→ **Collection entries**
════════════════════

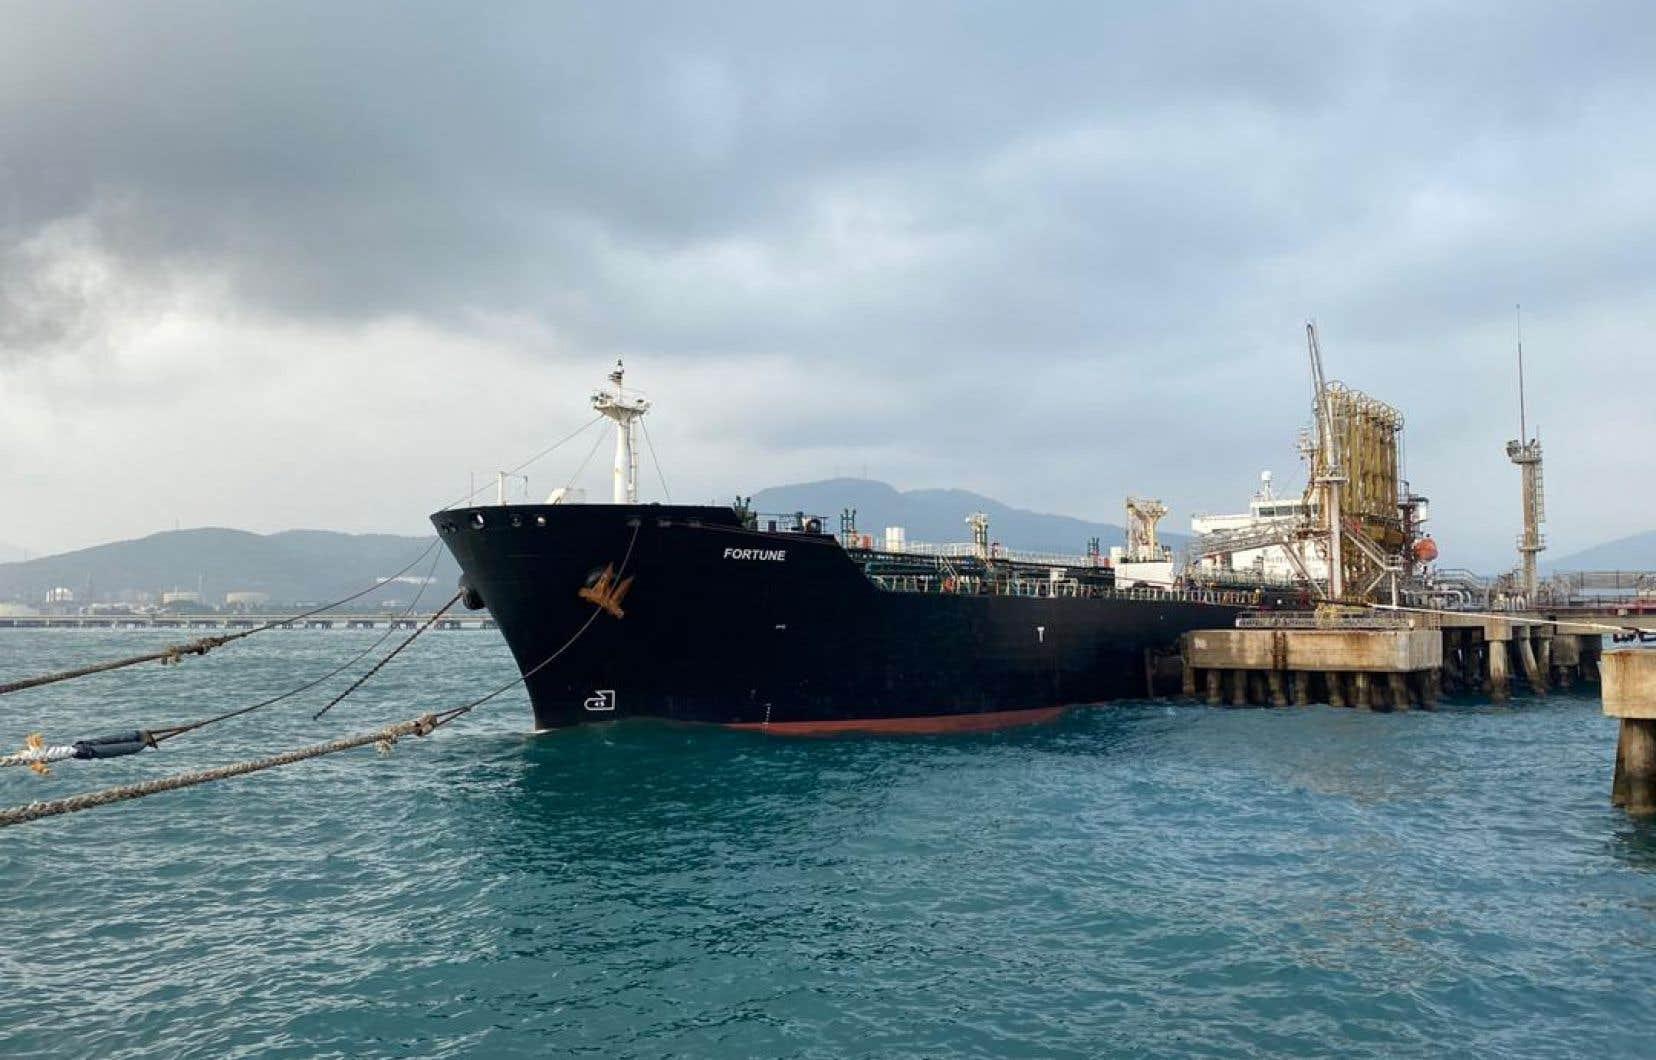 Selon un communiqué, plus d'un million de barils de pétrole ont été confisqués, ce qui représente la plus grosse saisie américaine de pétrole iranien.
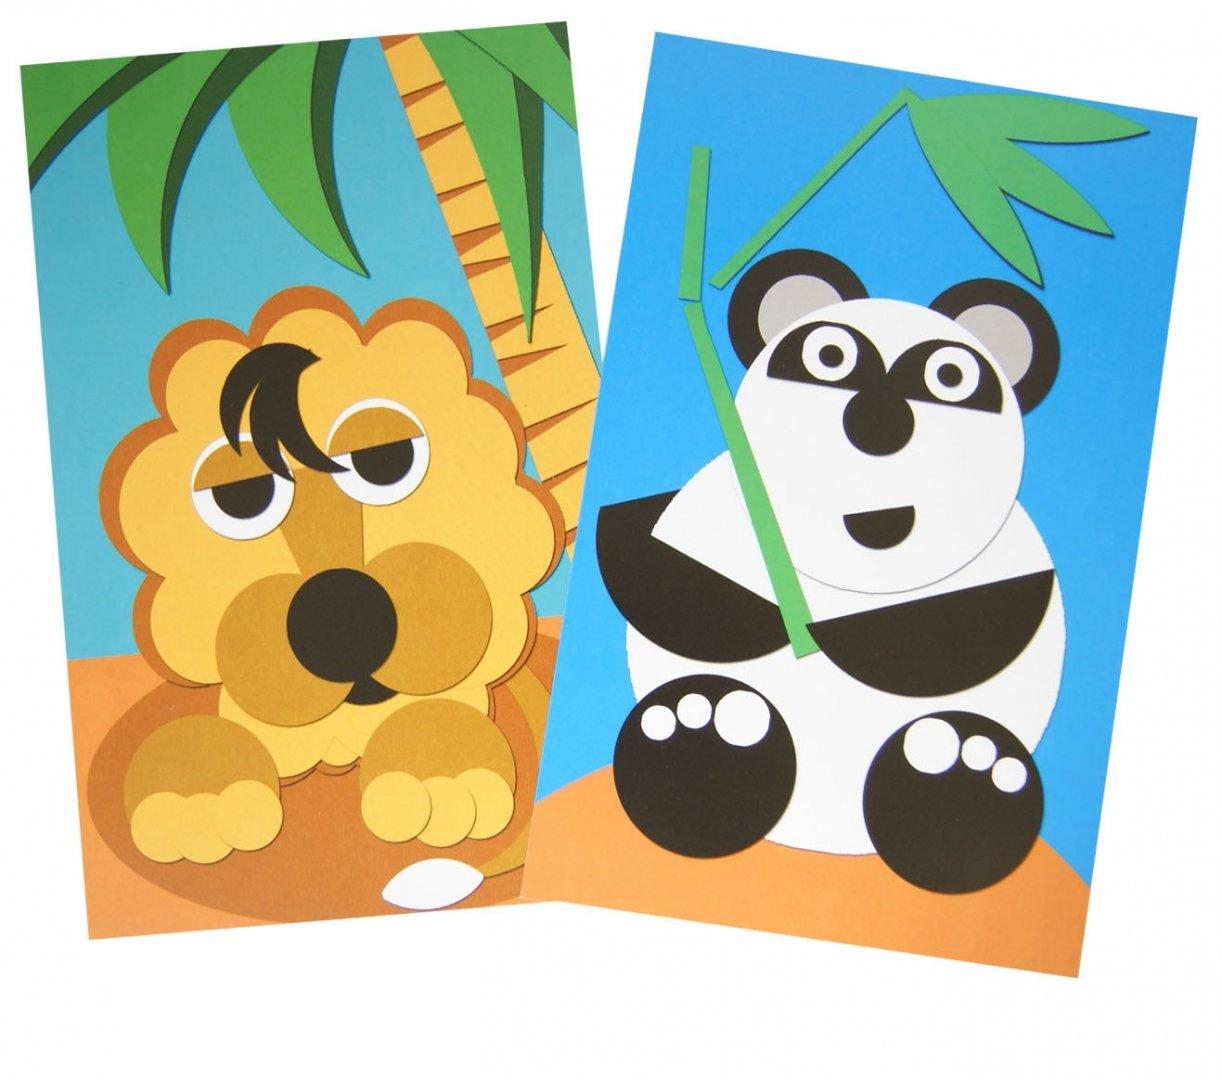 Иллюстрация 1 из 2 для Аппликации. Веселые звери. 15 карточек - Сергей Афонькин   Лабиринт - книги. Источник: Лабиринт
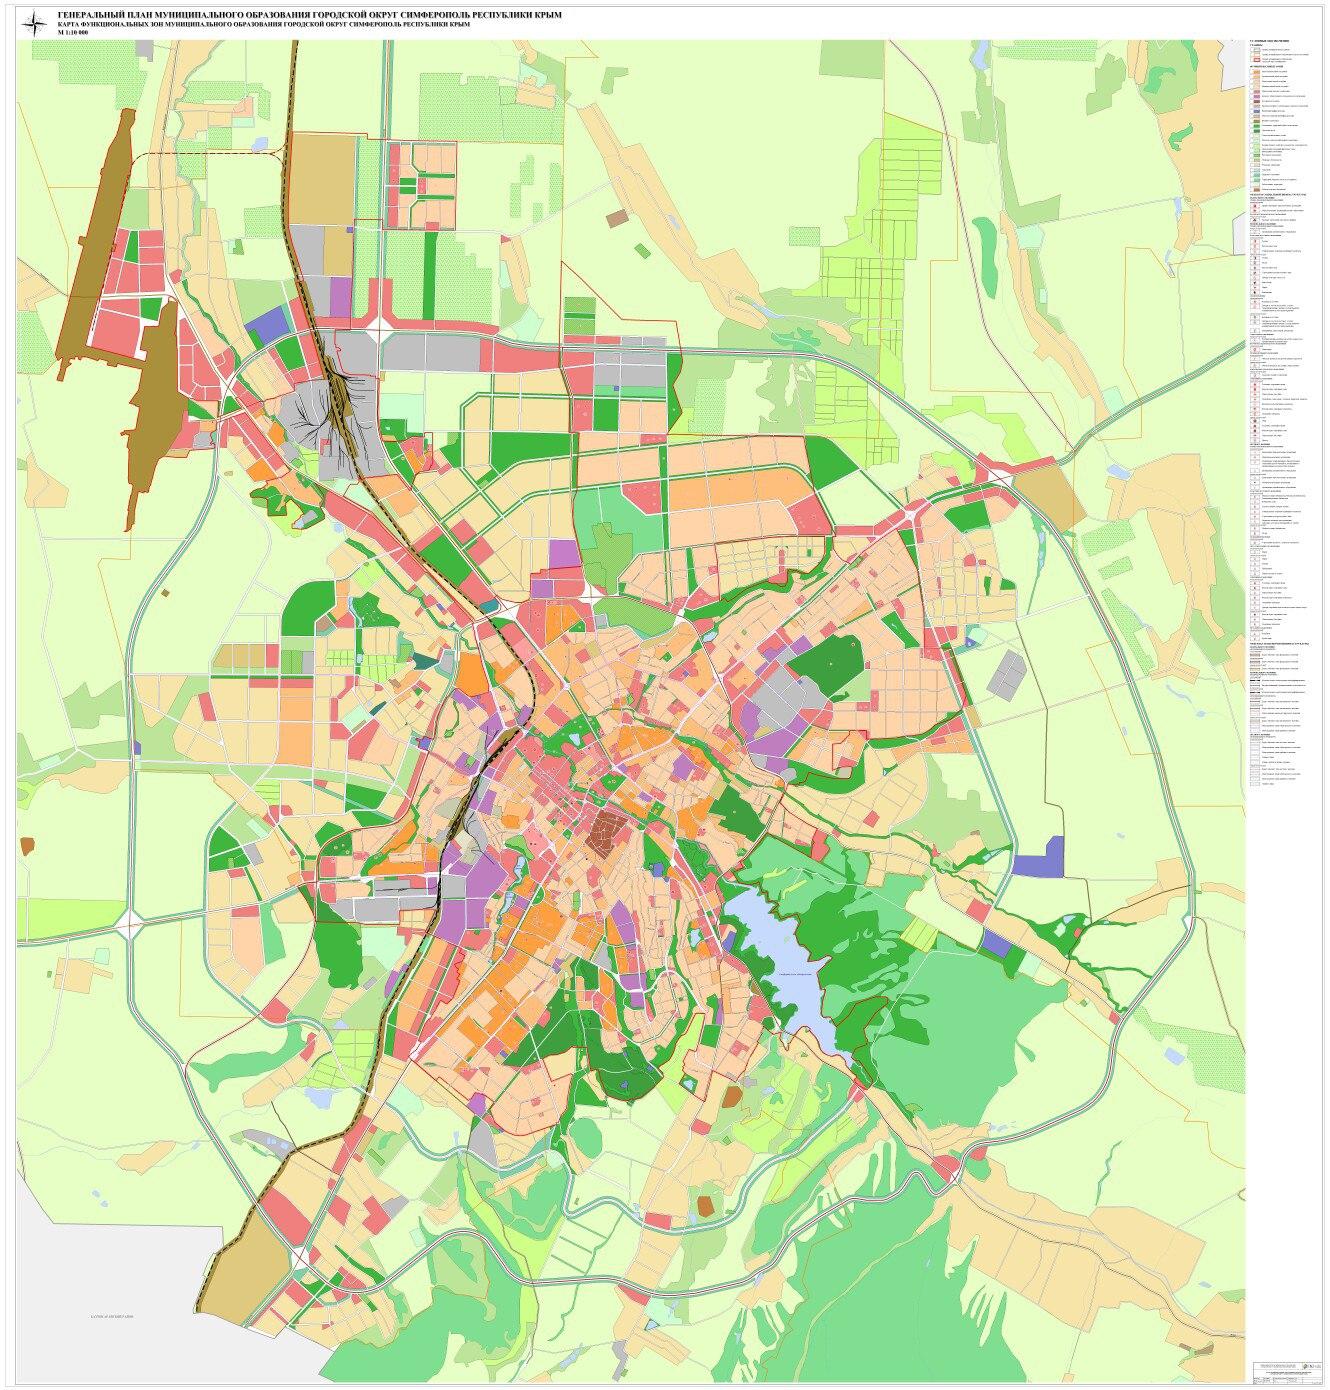 Карта. Генеральный план развития Симферополя с новыми районами жилой застройки и объектами инфраструктуры
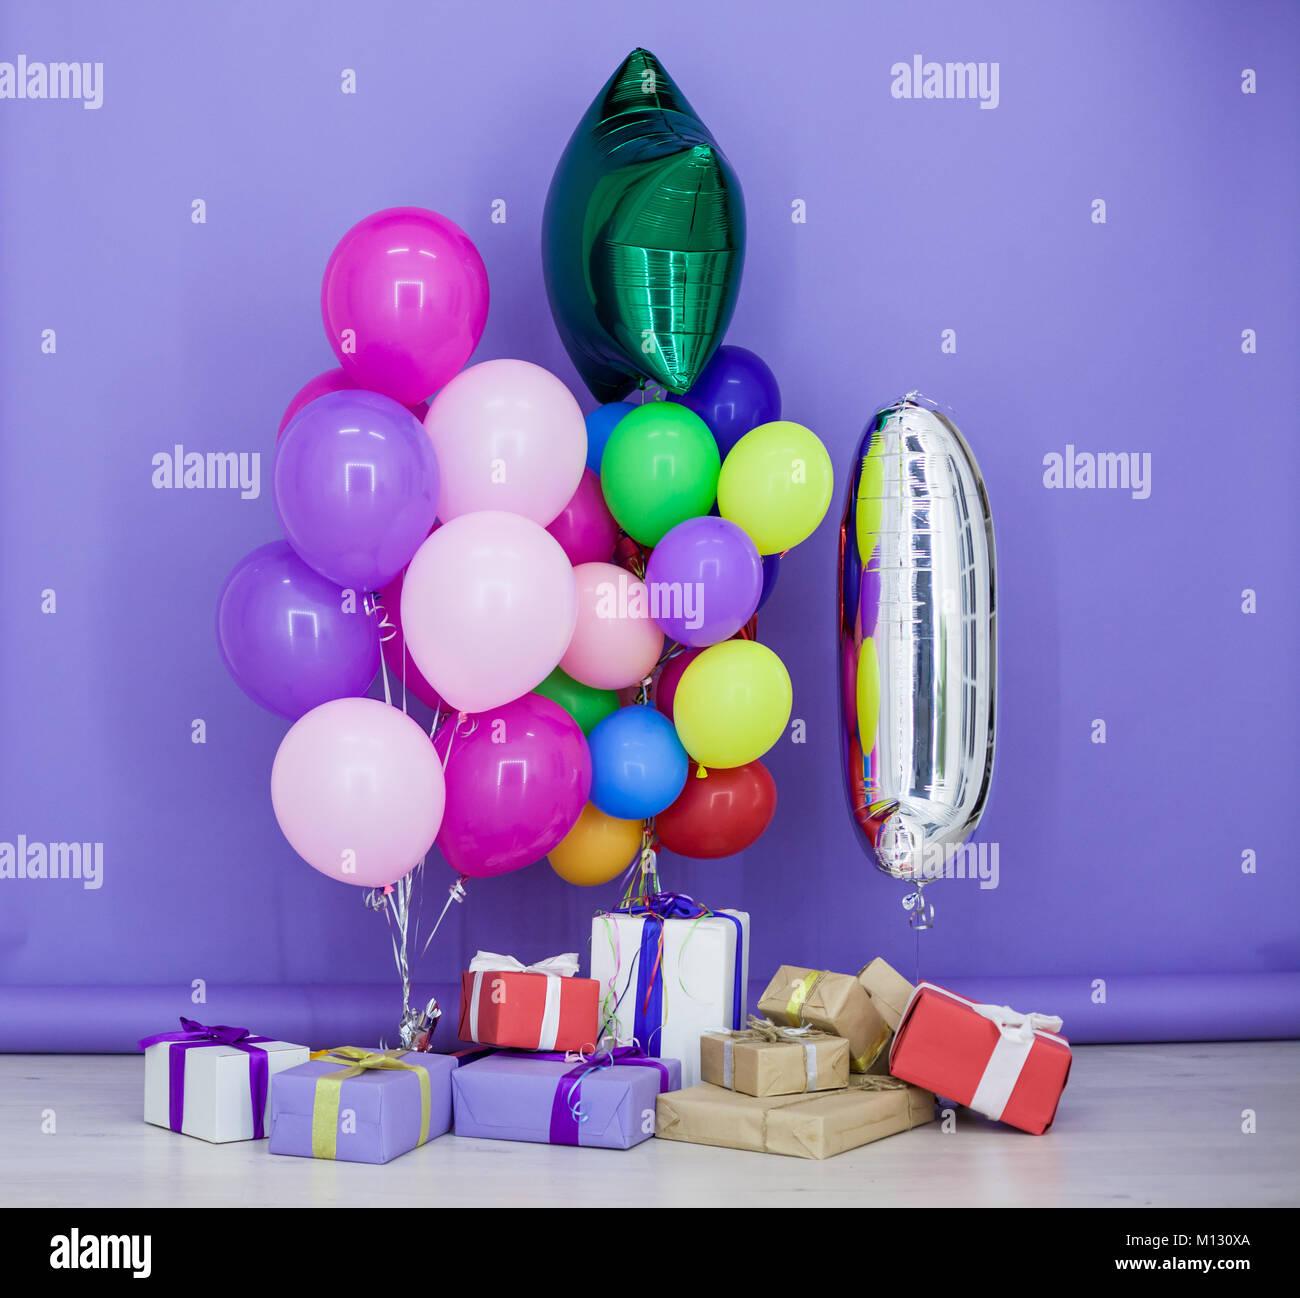 Beste Geburtstagsparty Färbung Seite Ideen - Malvorlagen Von Tieren ...
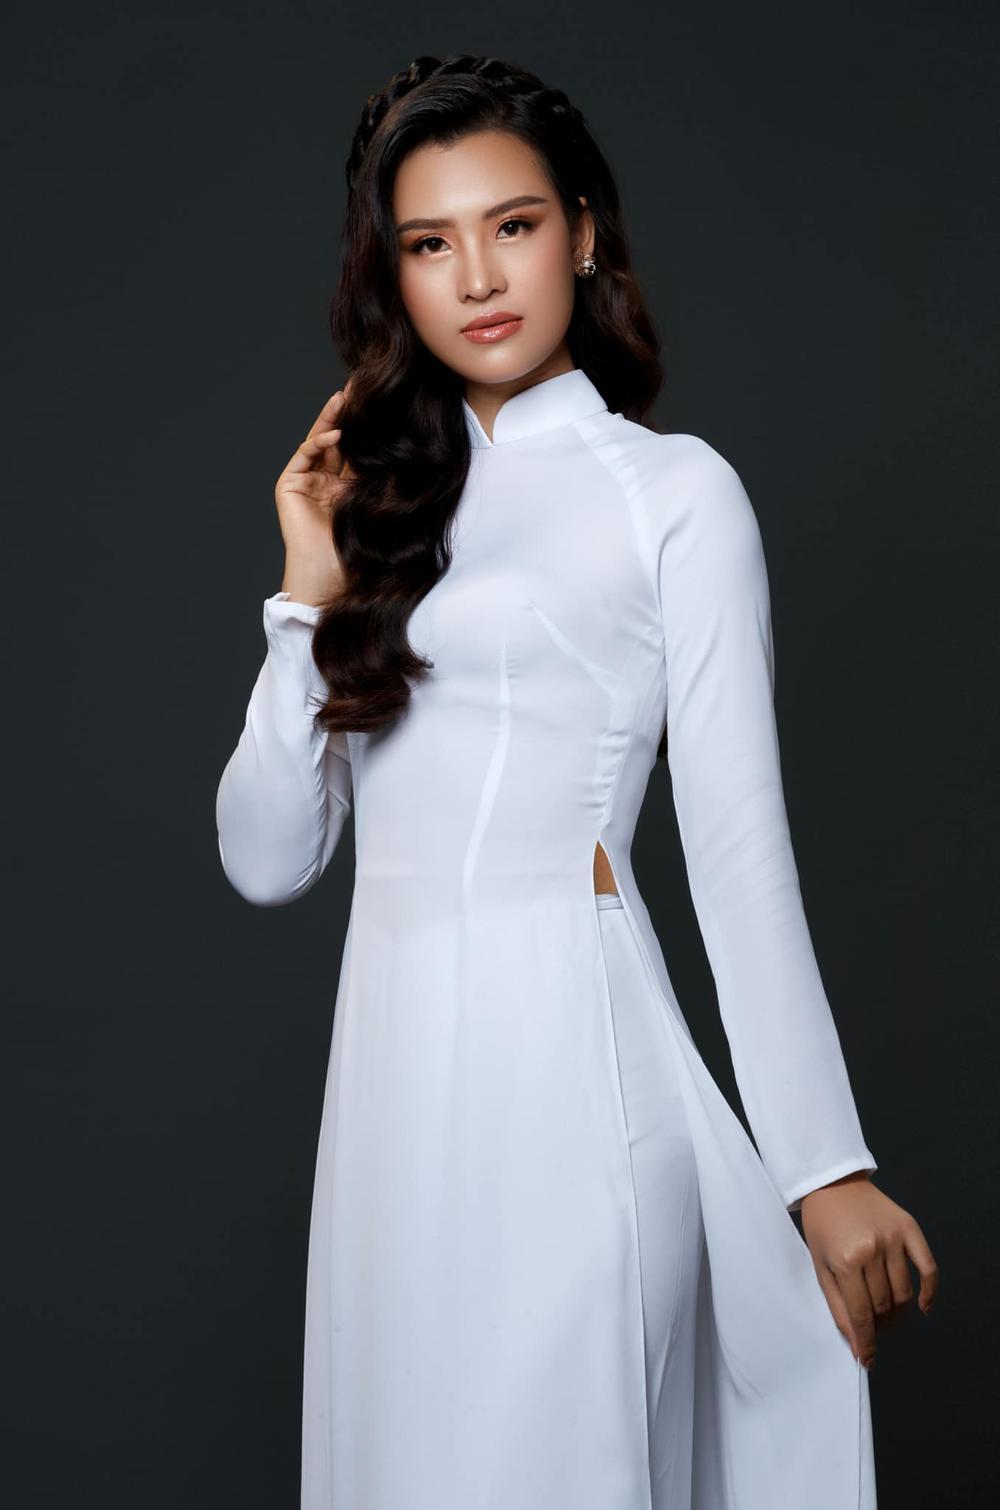 HOT: Lộ diện đại diện Việt Nam tại Miss Earth thi Online, từng 'đụng độ' H'Hen Niê - Hoàng Thùy Ảnh 8

════════════════════

→ **WHAT YOU NEED TO DO**
Reproduce nothing but the lines from the line containing "Beste Geburtstagsparty Färbung" through the last line of the data above, exactly as written and without pictures.

→ **RESULT OF THIS TASK**
 Beste Geburtstagsparty Färbung Seite Ideen - Malvorlagen Von Tieren ...
 HOT: Lộ diện đại diện Việt Nam tại Miss Earth thi Online, từng 'đụng độ' H'Hen Niê - Hoàng Thùy Ảnh 8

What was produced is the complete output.